The SUTRA Document RAG Chatbot app enables users to upload PDF files, process them to extract text, and interact with a chatbot powered by the SUTRA LLM model. The app uses LangChain for document processing and retrieval, Streamlit for the UI, and supports streaming responses for a dynamic user experience.
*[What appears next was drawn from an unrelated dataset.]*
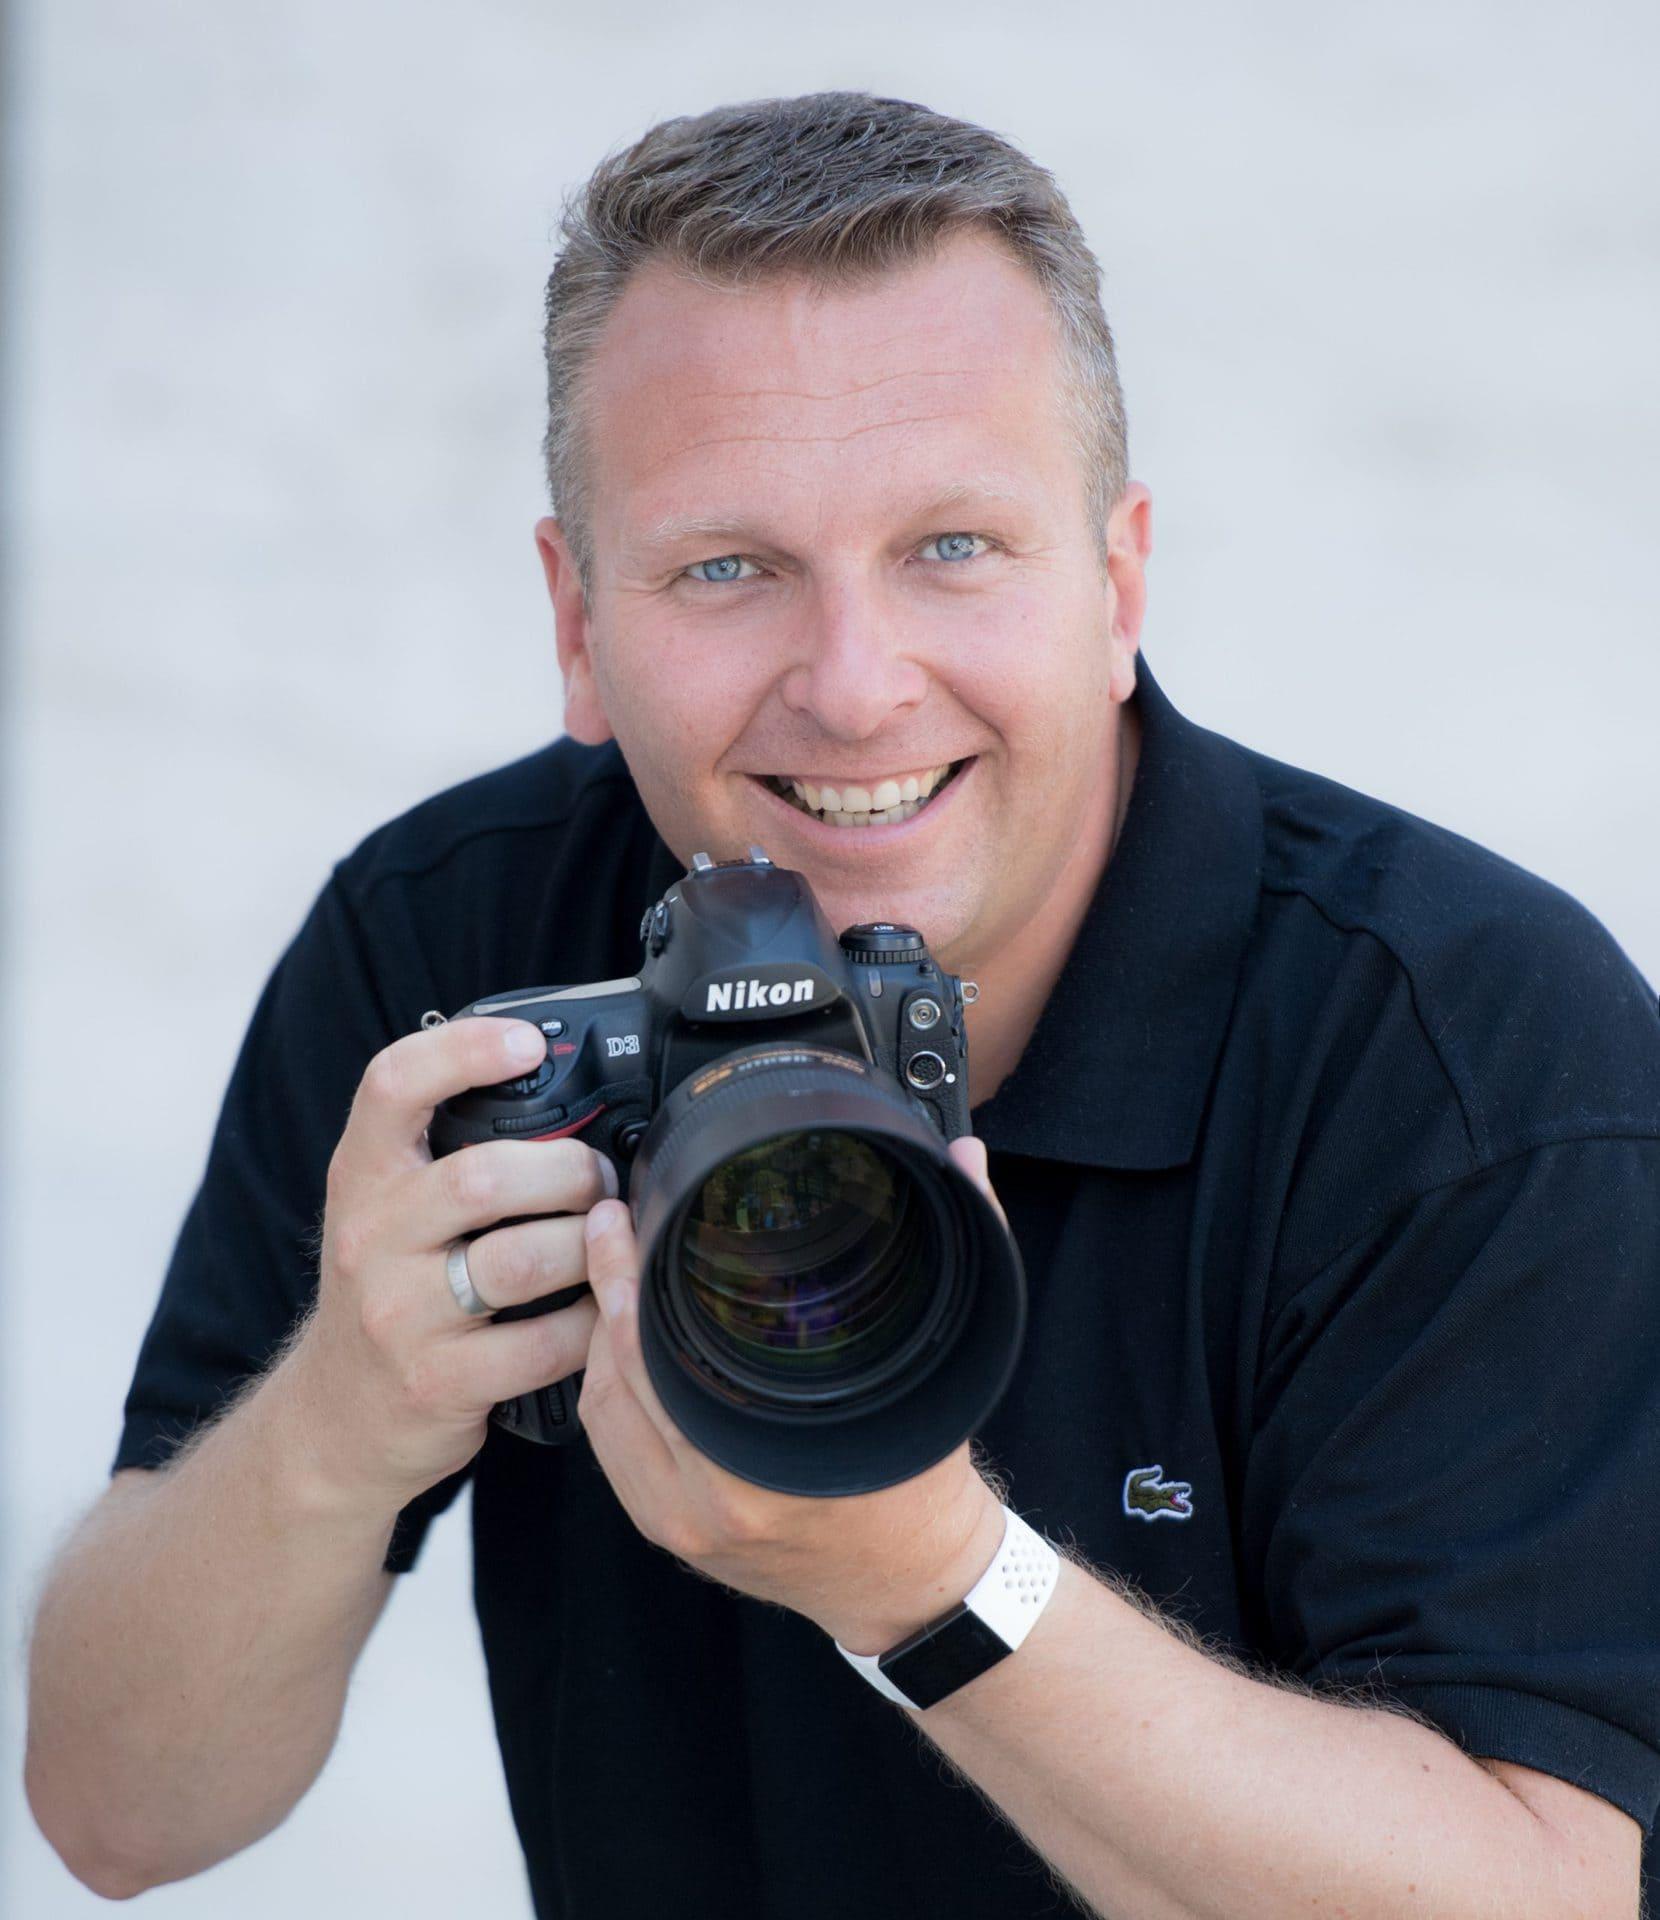 Gewinne mit Blizz ein exklusives Fotoshooting mit Tobias Büttner von Photo-Studio Büttner Photo-Studio Büttner feiert Jubiläum: 15 Jahre professionelle Fotografie aus Regensburg

Chat history is maintained using Streamlit's session state.

Prerequisites

To run this Streamlit app, ensure you have the following installed:

  • Python (v3.8 or higher)
  • pip (Python package manager)
  • Streamlit (pip install streamlit)
  • LangChain (pip install langchain)
  • LangChain OpenAI (pip install langchain-openai)
  • LangChain Community (pip install langchain-community)
  • PyPDF2 (pip install PyPDF2)
  • FAISS (pip install faiss-cpu)
  • python-dotenv (pip install python-dotenv)
  • A valid Sutra API key (set in a .env file as SUTRA_API_KEY)
  • A modern web browser (e.g., Chrome, Firefox)

Setup Instructions

  1. Install Dependencies:

    pip install streamlit langchain langchain-openai langchain-community PyPDF2 faiss-cpu python-dotenv
  2. Set Up Environment Variables: Create a .env file in the project directory with the following content:

    SUTRA_API_KEY=your_sutra_api_key_here
  3. Save the Code: Save the provided code in a file named app.py.

  4. Run the Application:

    streamlit run app.py

    This will start the Streamlit server, and the app will be accessible at http://localhost:8501.

Streamlit App Code

Below is the complete Python code for the Streamlit app, which implements the Document RAG Chatbot functionality.

import streamlit as st
from langchain_openai import ChatOpenAI
from langchain_community.vectorstores import FAISS
from langchain_openai import OpenAIEmbeddings
from langchain.text_splitter import CharacterTextSplitter
from langchain.chains import RetrievalQA
from langchain.schema import HumanMessage
from langchain.callbacks.base import BaseCallbackHandler
import PyPDF2
import os
from dotenv import load_dotenv

# Load environment variables
load_dotenv()
api_key = os.getenv("SUTRA_API_KEY")

# Page configuration
st.set_page_config(
    page_title="Sutra Document RAG Chatbot",
    page_icon="📚",
    layout="wide"
)

# Streaming callback handler
class StreamHandler(BaseCallbackHandler):
    def __init__(self, container, initial_text=""):
        self.container = container
        self.text = initial_text

    def on_llm_new_token(self, token: str, **kwargs):
        self.text += token
        self.container.markdown(self.text)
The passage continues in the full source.